The song is a celebration and description of activities associated with the Christmas season, focusing primarily on get-togethers between friends and families. Among the activities included in the song is the telling of "scary ghost stories," a Victorian Christmas tradition that has mostly fallen into disuse, but survives in the seasonal popularity of numerous adaptations of Charles Dickens' A Christmas Carol. Other activities mentioned include hosting parties, spontaneous visits from friends, universal social gaiety, spending time with loved ones, sledding for children, roasting marshmallows, sharing stories about previous Christmases, and singing Christmas carols in winter weather.

In a 2005 interview, Williams discusses how The Andy Williams Show figured into his recording of the song, first introduced in the 1962 Christmas episode: George Wyle, who is a vocal director, who wrote all of the choir stuff and all of the duets and trios and things that I did with all the guests, he wrote a song just for the show – I think the second Christmas show we did – called 'Most Wonderful Time of the Year'. So I did that, you know, every Christmas, and then other people started doing it. And then suddenly it's become – not suddenly but over 30 years – it's become a big standard. I think it's one of the top 10 Christmas songs of all time now.

Although Williams recorded multiple other versions throughout his life, the original 1963 version remains the most popular and well-known.

The song was selected as the theme song for Christmas Seals in 1968, 1976, 2009 and 2012.

Other notable versions
 1986: Johnny Mathis, for his album Christmas Eve with Johnny Mathis. This recording later made both the Billboard Holiday 100 and Holiday Airplay charts during the 2000s and 2010s.
 1992: Amy Grant for her album, Home for Christmas.
 1997: Peabo Bryson for his album, Peace on Earth.
 1999: Garth Brooks, for his album Garth Brooks and the Magic of Christmas. Brooks also became the first artist to chart a version of the song in North America, as his remake peaked at No. 56 on the Billboard Hot Country Singles & Tracks chart on the week ending January 8, 2000.
 2003/2004: Andy Williams, in a shorter, more upbeat version for the 2004 film Surviving Christmas.
 2008: Harry Connick Jr., for his album What a Night! A Christmas Album. This recording peaked at No. 9 on the Billboard Adult Contemporary chart on the week ending December 20, 2008.
 2008: BarlowGirl, for their album, Home for Christmas. This recording peaked at No. 21 on the Billboard Hot Christian Songs chart and at No. 25 on the Billboard Christian AC Songs charts (both on the week ending January 3, 2009).
 2015: Kylie Minogue for her album, Kylie Christmas.
 2020: Stevie Mackey, Jennifer Lopez and The Eleven for Mackey's album, The Most Wonderful Time. This recording peaked at No. 24 on the Billboard Adult Contemporary chart on the week ending December 19, 2021.

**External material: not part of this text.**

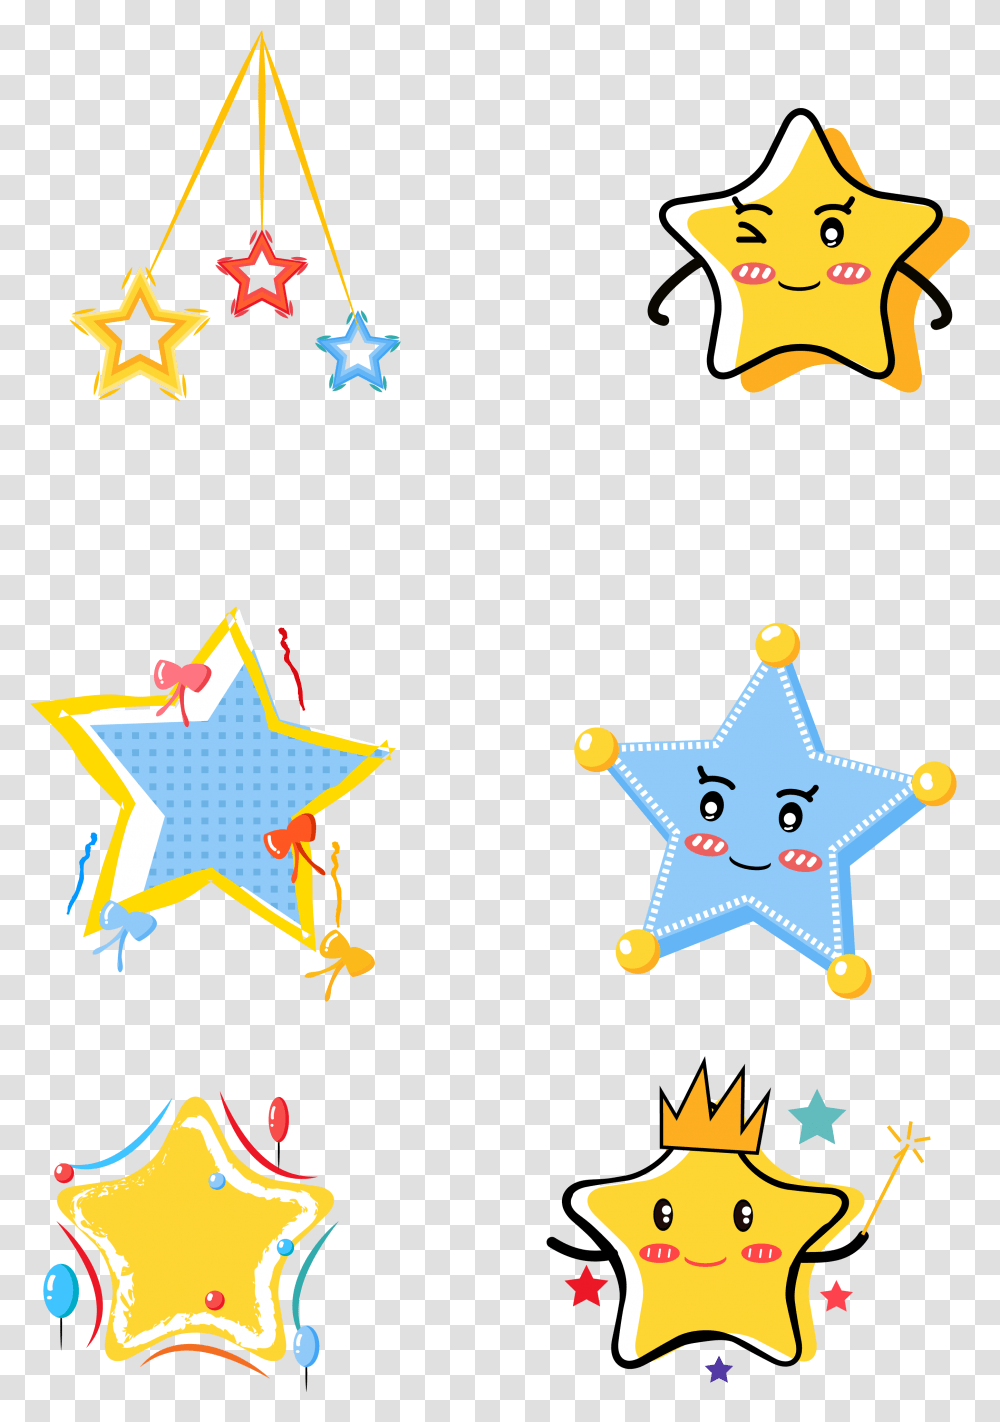 Doodle Stars Pentagram Stars Cute Pointed Star Cute Vector Art, Star Symbol Transparent Png
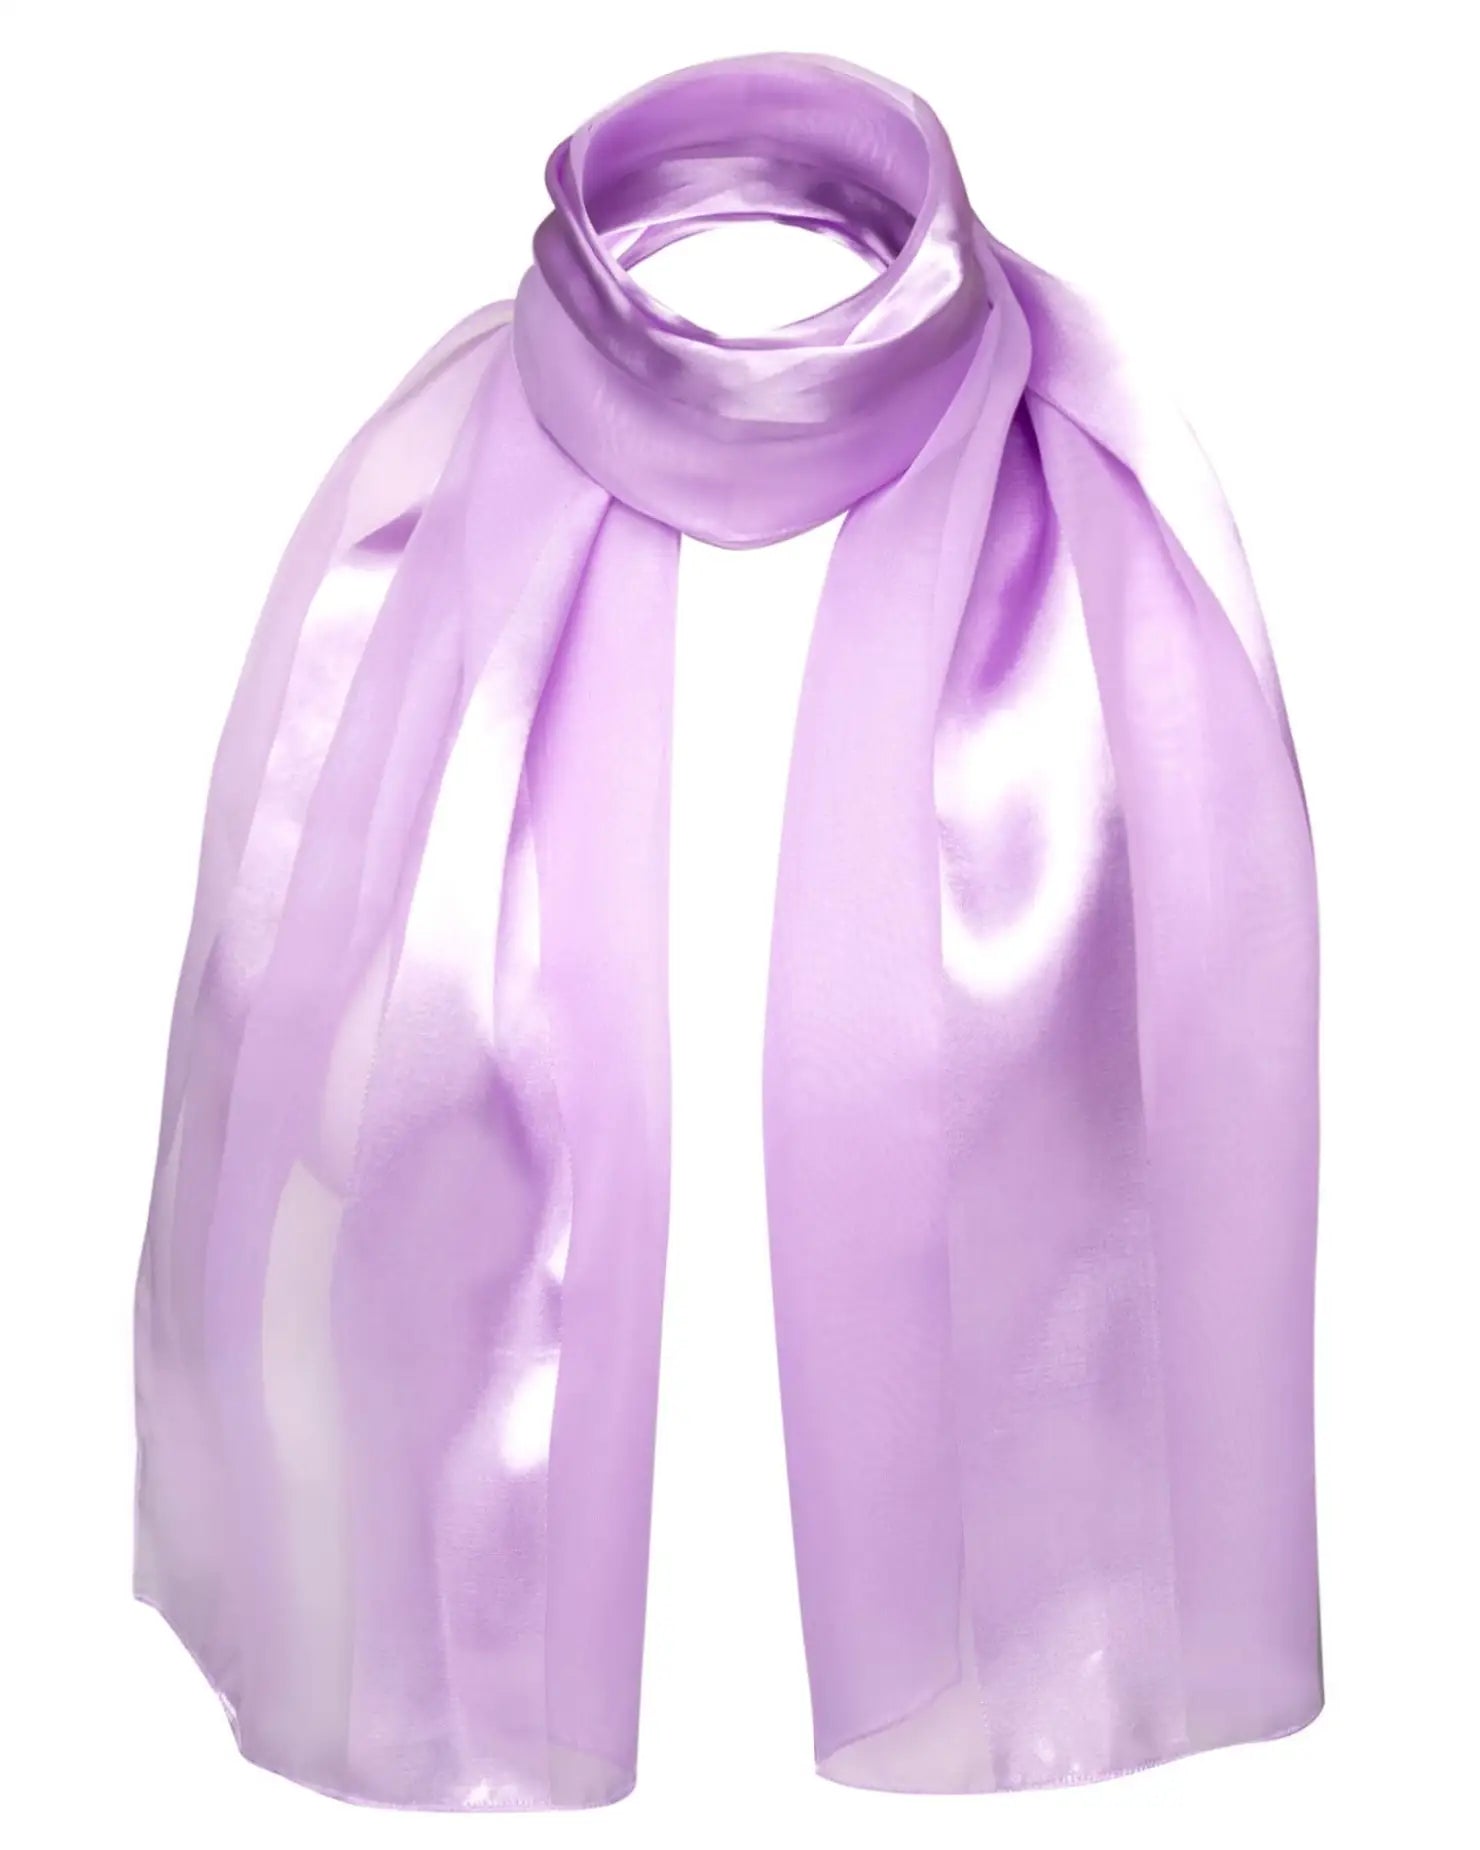 Purple satin stripe scarf on white background.

Use in advertising and parodies
Since 1995, the song was used humorously in the Staples office supply retail chain's annual back to school advertising campaign. In the commercials, the parents joyously shop for school supplies to this song in anticipation of the upcoming school year while their children sullenly follow.

The UK travel retailer On the Beach has used the song in its advertising since 2021.

Chart performance
In the issue of Billboard magazine dated November 28, 2009, the list of the "Top 10 Holiday Songs (Since 2001)" places the Williams recording of "It's the Most Wonderful Time of the Year" at number five. 2001 also marked the first year in which the American Society of Composers, Authors and Publishers (ASCAP) started compiling data regarding the radio airplay of holiday songs, and although the Williams classic started out at number 25 of twenty-five songs that were ranked that year, it gained steam over the next ten years, reaching number 18 in 2002, number 13 in 2003, and eventually getting to number four in 2010.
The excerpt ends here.